SOURCE DATA:
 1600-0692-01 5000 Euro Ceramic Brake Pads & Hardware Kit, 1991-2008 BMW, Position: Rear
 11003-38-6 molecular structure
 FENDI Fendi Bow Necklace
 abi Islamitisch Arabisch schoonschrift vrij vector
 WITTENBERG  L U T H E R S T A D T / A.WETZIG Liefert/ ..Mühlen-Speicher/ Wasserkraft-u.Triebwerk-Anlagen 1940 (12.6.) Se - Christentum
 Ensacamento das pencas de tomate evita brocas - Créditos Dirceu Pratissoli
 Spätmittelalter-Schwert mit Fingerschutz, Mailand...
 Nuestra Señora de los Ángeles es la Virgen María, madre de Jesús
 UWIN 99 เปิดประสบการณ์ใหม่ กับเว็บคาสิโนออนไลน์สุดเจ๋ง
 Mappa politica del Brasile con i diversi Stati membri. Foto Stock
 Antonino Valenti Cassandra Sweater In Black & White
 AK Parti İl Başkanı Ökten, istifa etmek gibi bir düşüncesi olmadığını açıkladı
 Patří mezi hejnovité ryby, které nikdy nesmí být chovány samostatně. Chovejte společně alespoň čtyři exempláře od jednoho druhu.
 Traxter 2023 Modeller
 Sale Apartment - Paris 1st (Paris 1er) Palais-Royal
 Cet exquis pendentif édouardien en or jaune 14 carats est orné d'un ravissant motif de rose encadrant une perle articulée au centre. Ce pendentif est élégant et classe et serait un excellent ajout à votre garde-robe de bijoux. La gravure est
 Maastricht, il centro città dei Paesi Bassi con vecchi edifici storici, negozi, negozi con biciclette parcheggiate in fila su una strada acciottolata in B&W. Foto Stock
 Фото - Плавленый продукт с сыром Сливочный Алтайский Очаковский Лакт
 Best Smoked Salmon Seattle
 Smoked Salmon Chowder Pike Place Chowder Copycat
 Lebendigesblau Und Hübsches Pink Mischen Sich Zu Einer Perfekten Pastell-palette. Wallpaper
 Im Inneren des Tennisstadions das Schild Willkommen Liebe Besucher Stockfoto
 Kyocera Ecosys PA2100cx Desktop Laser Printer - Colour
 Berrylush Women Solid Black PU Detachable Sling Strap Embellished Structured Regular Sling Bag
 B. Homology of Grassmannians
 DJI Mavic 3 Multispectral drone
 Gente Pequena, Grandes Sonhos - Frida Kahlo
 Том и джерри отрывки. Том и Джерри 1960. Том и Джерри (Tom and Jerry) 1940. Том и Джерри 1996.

ACTIVITY:
What is needed is an exact copy of the lines above, from the one containing "FENDI Fendi Bow Necklace" through the one containing "Spätmittelalter-Schwert mit Fingerschutz, Mailand...", with nothing added.

EXERCISE RESULT:
 FENDI Fendi Bow Necklace
 abi Islamitisch Arabisch schoonschrift vrij vector
 WITTENBERG  L U T H E R S T A D T / A.WETZIG Liefert/ ..Mühlen-Speicher/ Wasserkraft-u.Triebwerk-Anlagen 1940 (12.6.) Se - Christentum
 Ensacamento das pencas de tomate evita brocas - Créditos Dirceu Pratissoli
 Spätmittelalter-Schwert mit Fingerschutz, Mailand...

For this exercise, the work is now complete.